L’amour à distance, c’est l’appel téléphonique ou le message électronique qui relie l’enseignant et son élève. C’est l’heure passée à jouer à des jeux vidéo en ligne avec des amis, juste parce que ça nous permet d’entendre la voix des amis. Presque comme s’ils étaient à nos côtés… C’est le 5 à 7 avec les copains qui permet de faire résonner nos chin-chin sur une plateforme d’échange.
L’amour à distance, c’est la photo drôle qu’on envoie à la parenté pour leur dire que « ça va bien aller », même si des fois, on en doute. C’est le message privé qu’on envoie à de vieux amis qu’on avait oubliés dans notre liste d’amis sur les réseaux sociaux… « Salut… je voulais te dire que je pense à toi, j’espère que le confinement ne te fait pas trop la vie dure ». C’est l’appel à l’aide qu’on lance pour dire que là, c’est trop.

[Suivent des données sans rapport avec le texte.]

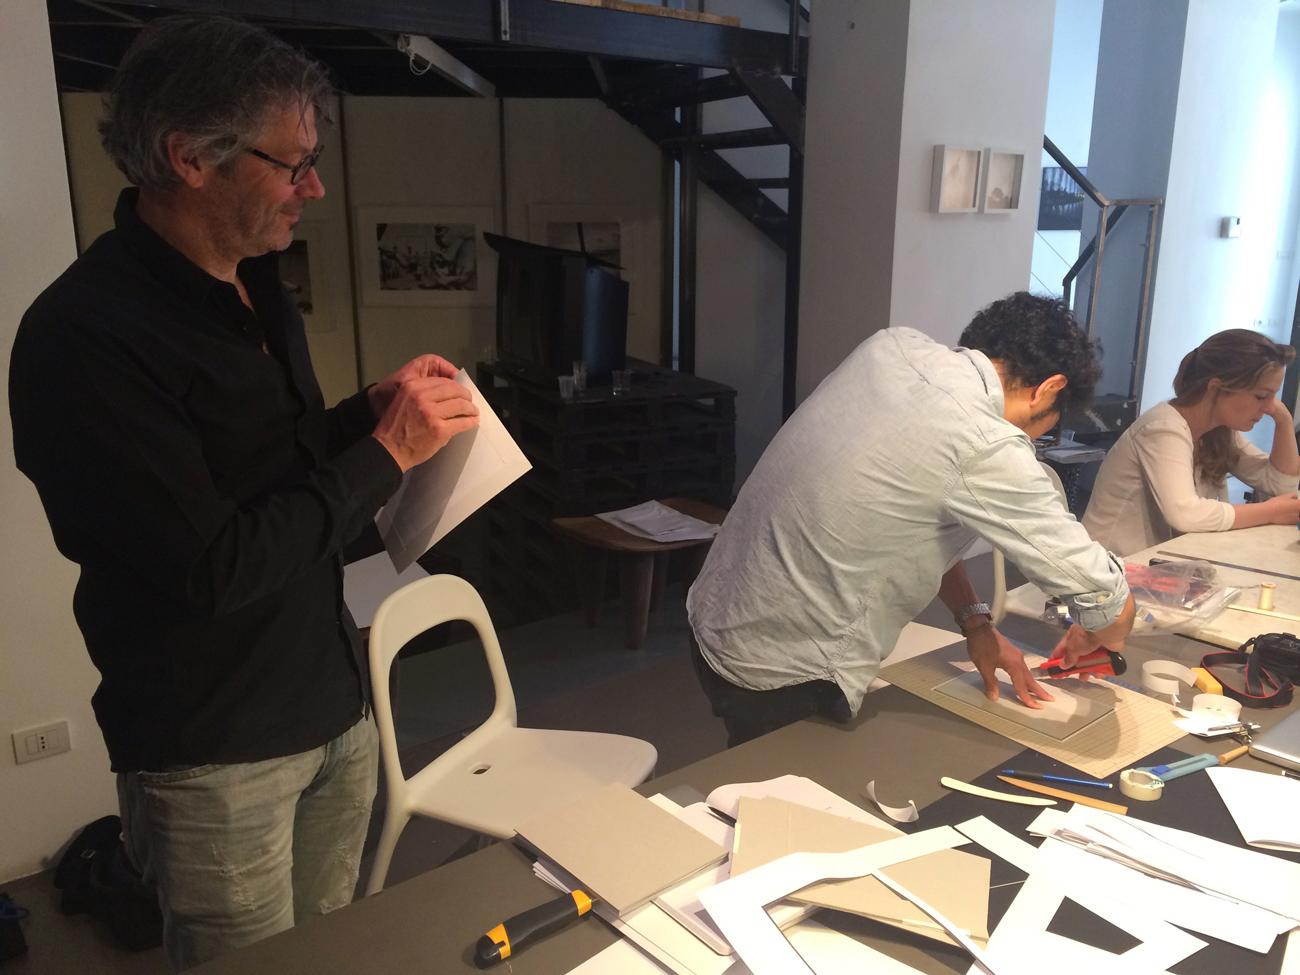 Teun and Kazuma helping me out with the binding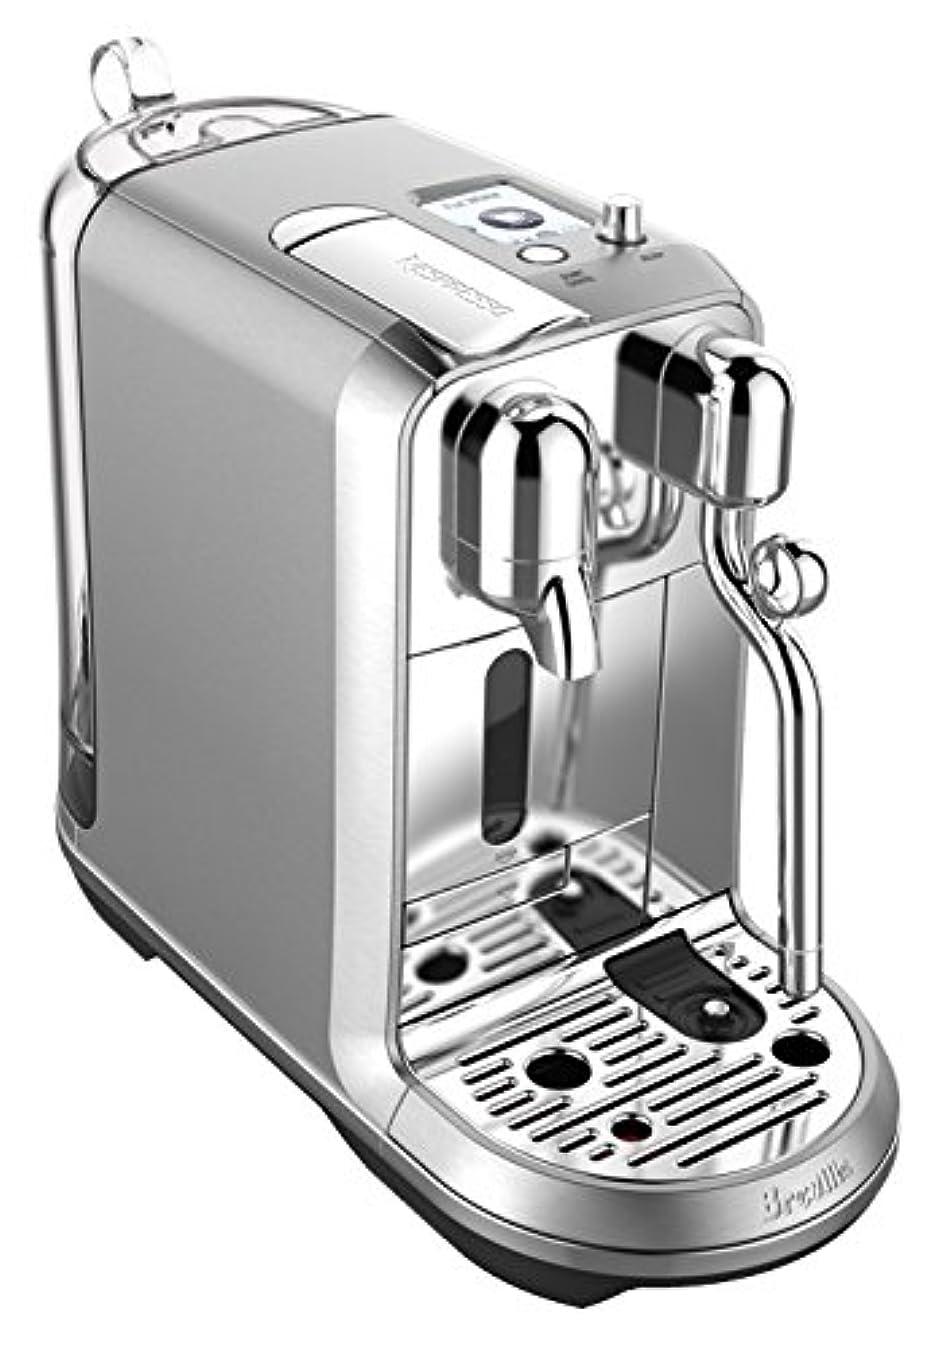 Nespresso Creatista Plus Coffee and Espresso Machine by Breville, Stainless Steel

L’amour à distance, pour plusieurs, c’est le sacrifice du temps pour les services essentiels. C’est devoir remettre nos précieux enfants dans les mains des éducatrices, des grands-parents ou de notre parent divorcé, le temps d’aller soigner, nourrir, faire de la recherche ou prendre les décisions qui permettront à notre communauté de s’en sortir maintenant et plus tard.
L’amour à distance est fait des prières et des ondes qu’on envoie à nos proches qui sont loin (définir « loin » selon la situation : isolés de l’autre bord de la rue ou coincés de l’autre côté de l’océan, en attente d’un rapatriement). Certains ont dit « Aimez-vous les uns les autres », d’autres ont prôné « Aime-toi toi-même »… live ou à distance, mais aimez-vous.
Cet amour à distance, c’est peut-être, au bout du compte, ce qui va rendre l’amour plus proche, plus complice, plus durable. C’est peut-être la base d’un réel rapprochement social.